Ethelwyn looked up. “Oh—Connie. She seems to be in good health, as are her sisters. There was a bit of a…an awkwardness a while back. When that Irish fellow was getting ready to leave.”
Finn’s tanned face flooded with red. “Cearball!”
“Ah… that was the name. It seems he asked her to marry him…”
“Cearball did!”
“I’m not saying she accepted! It seems he asked Lord Colban for his blessing, and he refused to give it until Connie was older. But there is some talk of a secret betrothal or something of that nature. At least, that is what Iylaine intimated to me. Connie has been living with her and Malcolm, so perhaps she heard something…”

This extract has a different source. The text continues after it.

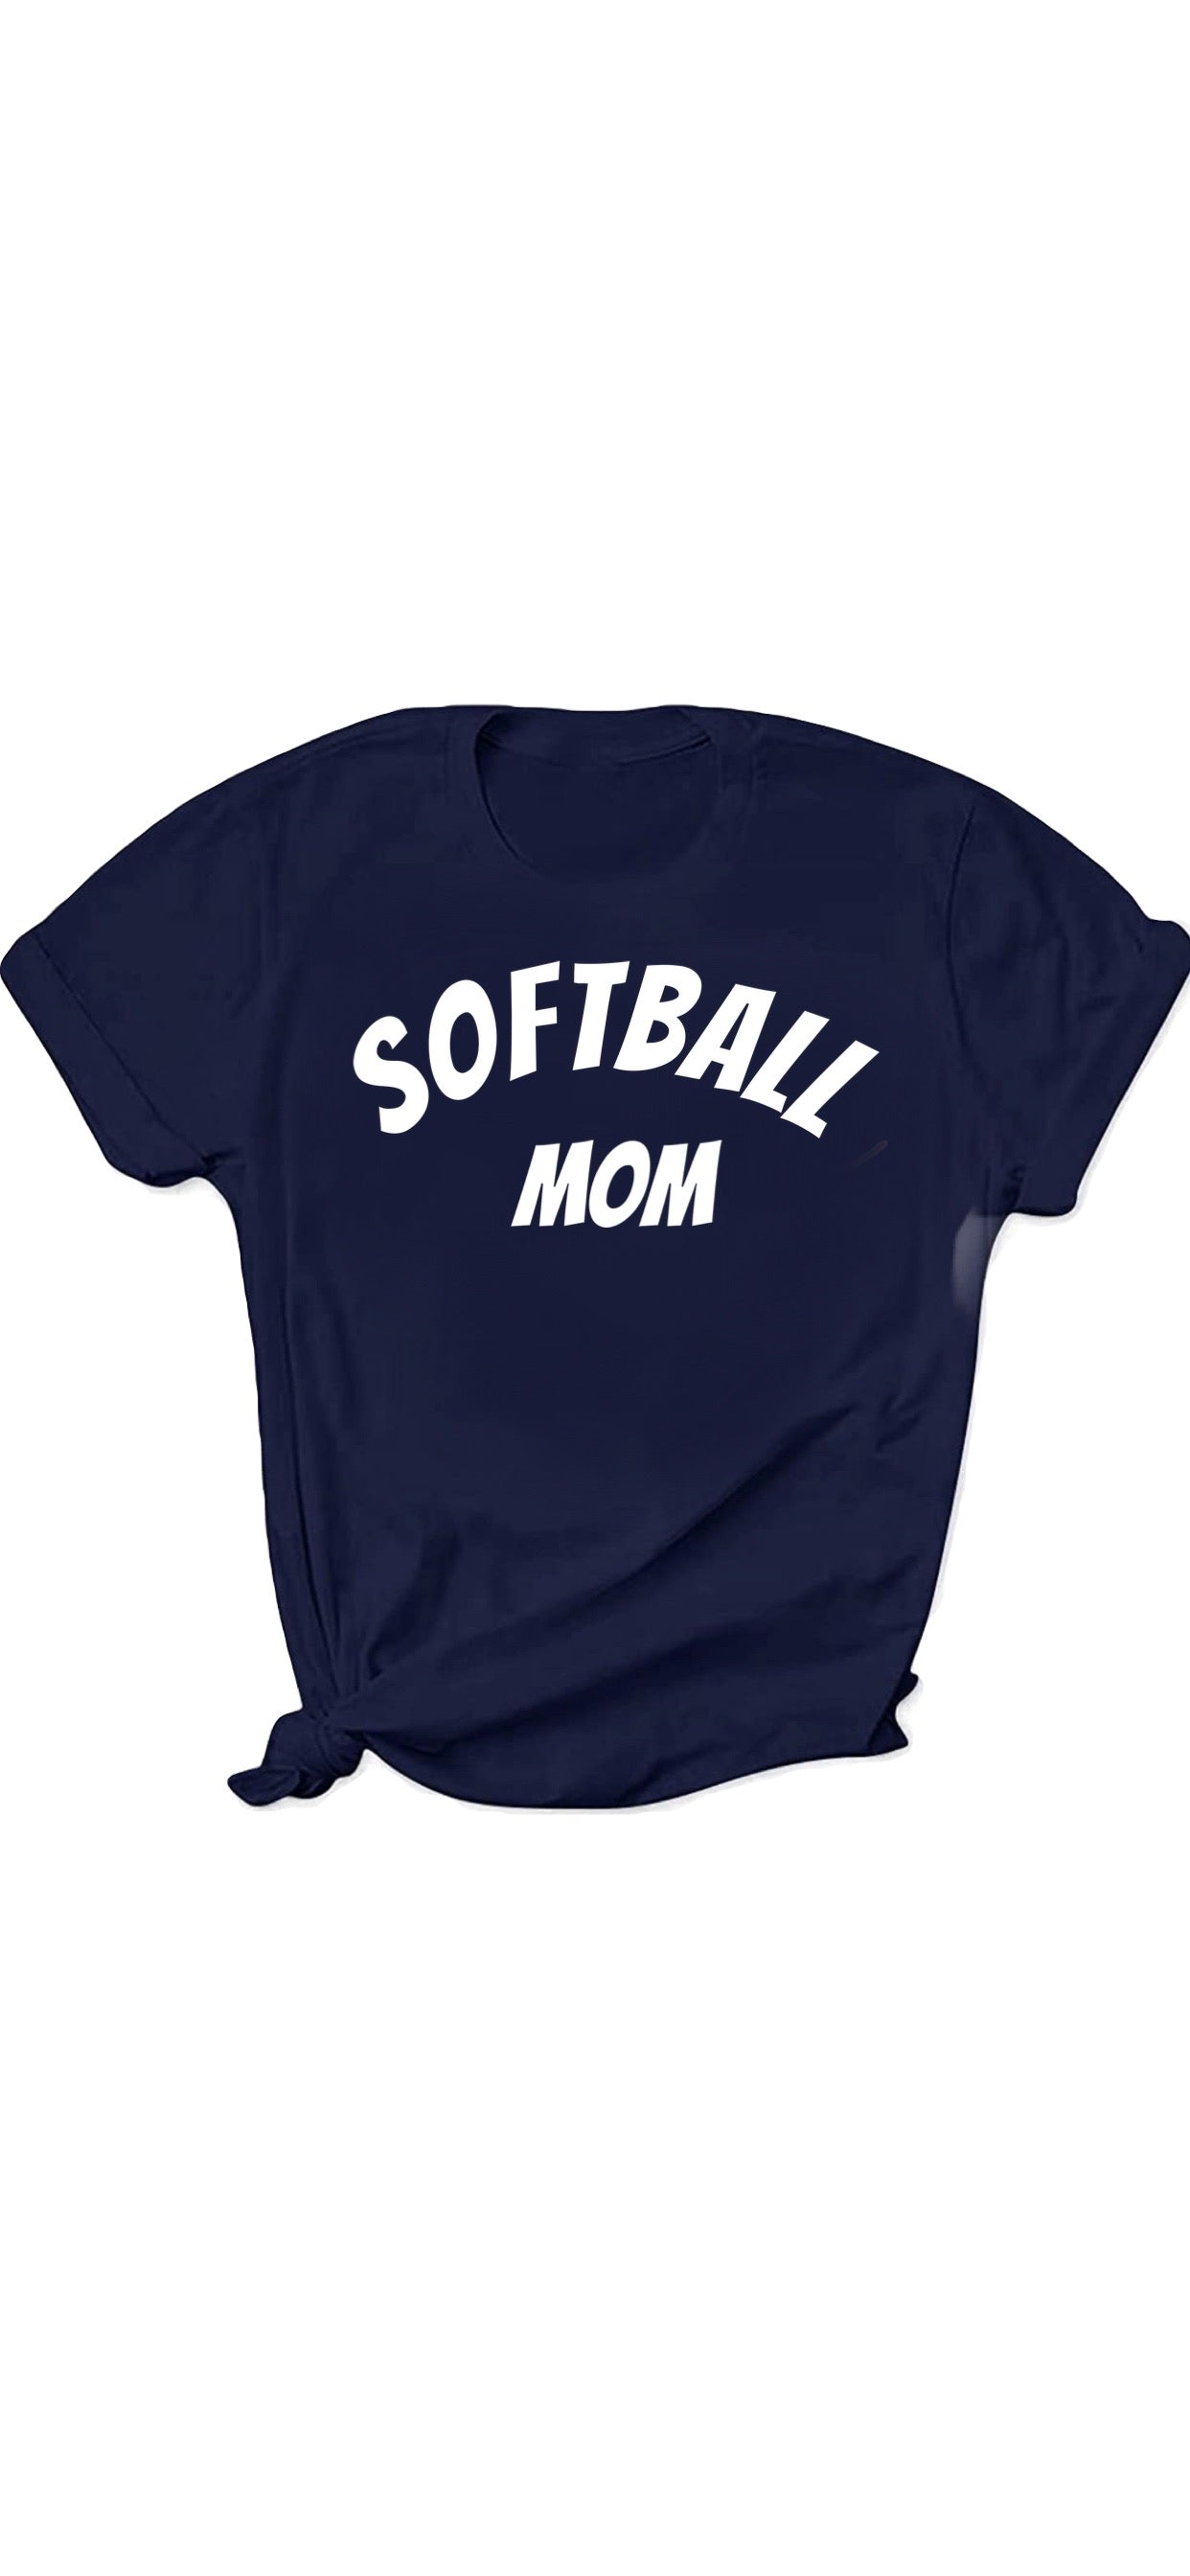 Softball mom shirt, softball tee, softball shirt, mom shirt

This time it was Egelric who saved him from this awkward conversation by starting another.
“Anyone heard from Eithne?” he asked.
“Ah… no, not that I’ve heard. Not that I would be the first to learn. But I’m afraid there’s been no news. And I’ve not heard whether Cat has been confined yet. However, Paul lost his sight again. It seems your cousin Malcolm married Lasrua, and Paul tried to kill him, and accidentally almost killed Lasrua instead… It gets a little complicated.”
Egelric sighed and swore in Gaelic. “Any other bad news?”
“Well, let me think…”
Egelric raised a hand to silence him. “On second thought, why don’t you start by telling me about the boys.”